Bouteflika, 77, has registered his candidacy for the April 17 election in which he is almost certain to win another five-year term despite questions over his health and ability to govern since he suffered a stroke last year.

Algeria's election comes at a delicate period in the region where neighbouring Libya, Egypt and Tunisia are still overcoming the instability that followed the 2011 "Arab Spring" uprisings that ousted their long-term rulers.

At a rally at La Coupole stadium in Algiers, popular music blasted out while students wearing Bouteflika T-shirts danced, gave speeches and broadcast a documentary of the president's life just days before the official start of campaigning.

"The Arab Spring is a mosquito against which we shut the door of our country. If it tries to get through the window, we'll spray it with insecticide to kill it off," said Abdelmalek Sellal, who resigned as prime minister this week to run Bouteflika's campaign.

With the backing of the ruling National Liberation Front (FLN) party, army factions and the union, Bouteflika faces little serious challenge from opposition parties, some of which are calling for a boycott of the election.

While presidents are elected, since independence from France in 1962, observers say Algerian politics has been dominated by a clan of powerful FLN veterans, business leaders and army generals who have tussled for influence in backroom deals.

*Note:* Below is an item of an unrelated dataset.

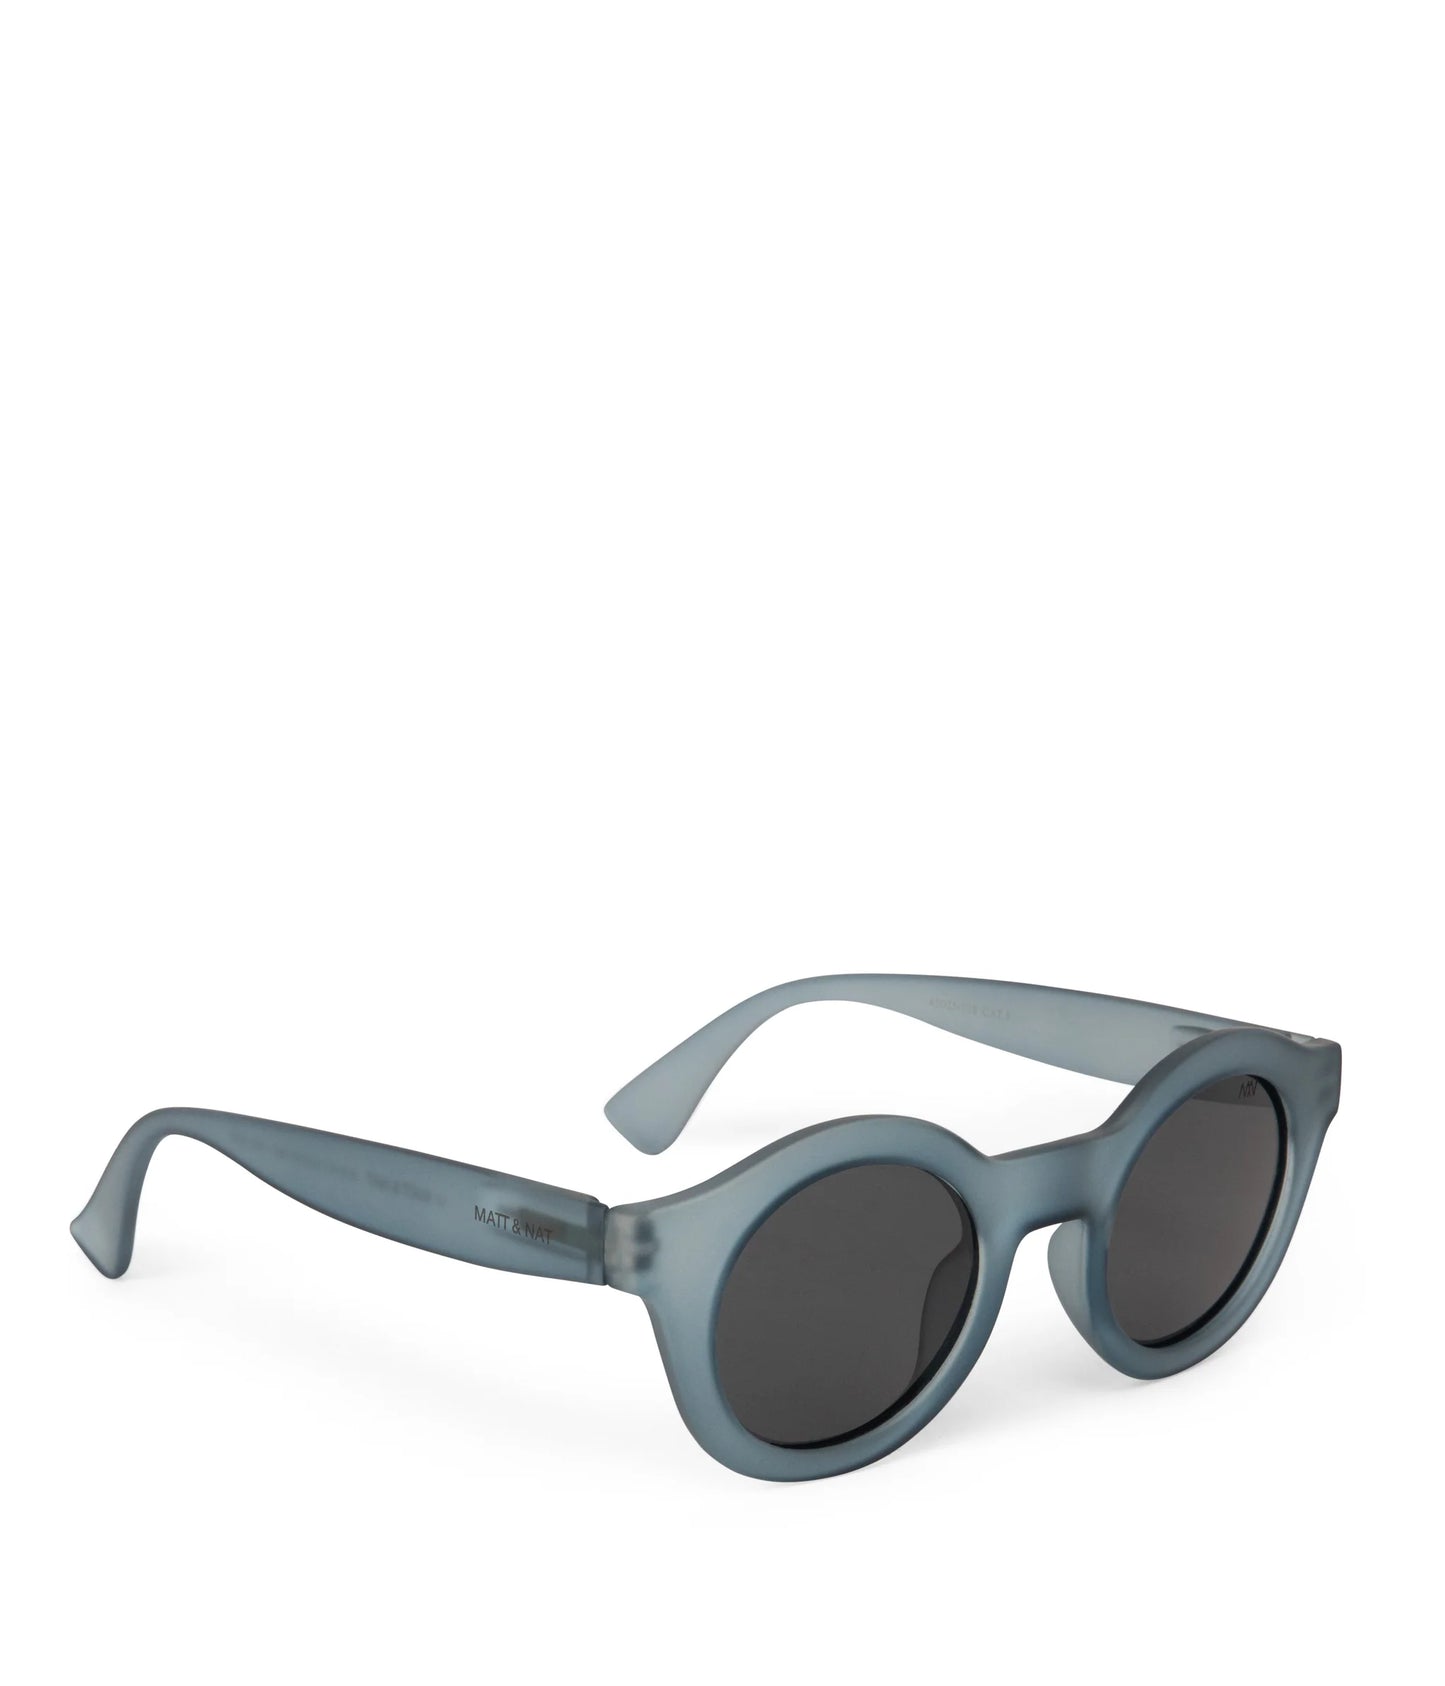 Surie-2 Recycled Sunglasses in Sky with Case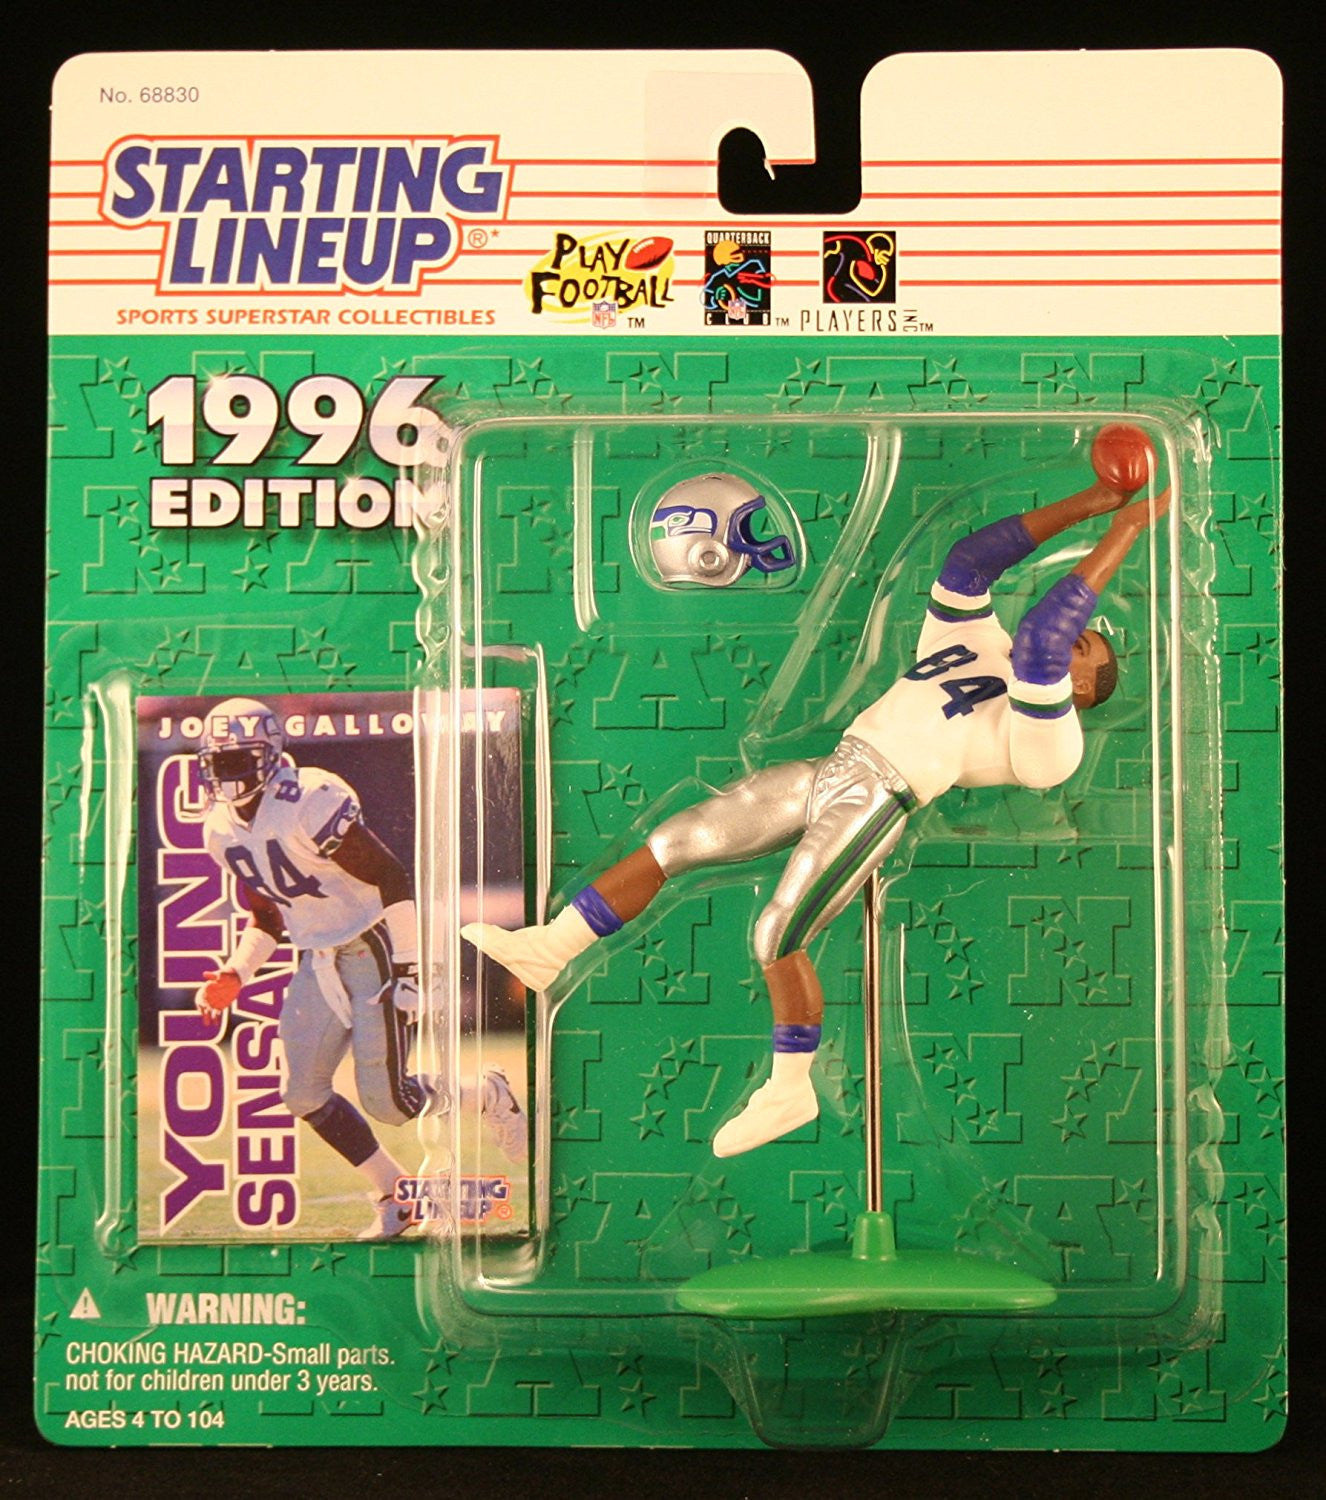 JOEY GALLOWAY / SEATTLE SEAHAWKS 1996 NFL Starting Lineup Action Figure & Exclusive NFL Collector Trading Card

Bouteflika's rare appearances since the stroke that put him in a Paris hospital for three months have left doubts about his ability to campaign, and questions about what happens if he falls ill should he be re-elected.

Opposition members, including figures from the secularist party Rally for Culture and Democracy (RCD) and the Islamist Movement for Peace and Society (MSP), believe Bouteflika's decision ends any fair competition in the election.

About 100 members of a new movement called Barakat, or "Enough" in Arabic, on Saturday also held a sit-in demonstration in downtown Algiers against Bouteflika's re-election bid.

Large-scale political protests are rare in Algeria, and the police have stopped several small opposition rallies since Bouteflika announced his candidacy.

Their own experience battling Islamists in the 1990s a conflict that killed around 200,000 people has left many Algerians wary of a return to any major instability.

After the Arab Spring revolts, the government spent heavily from the country's foreign reserves now around $200 billion on housing and other public expenditure in an attempt to sooth over any social tensions inspired by uprisings elsewhere.

But unrest over jobs, services and economic opportunities are common in Algeria, and the country still needs reforms to its economy after years of centralised state controls and restrictions on foreign investment. It is heavily reliant on oil and gas, which account for about 97 percent of its total exports.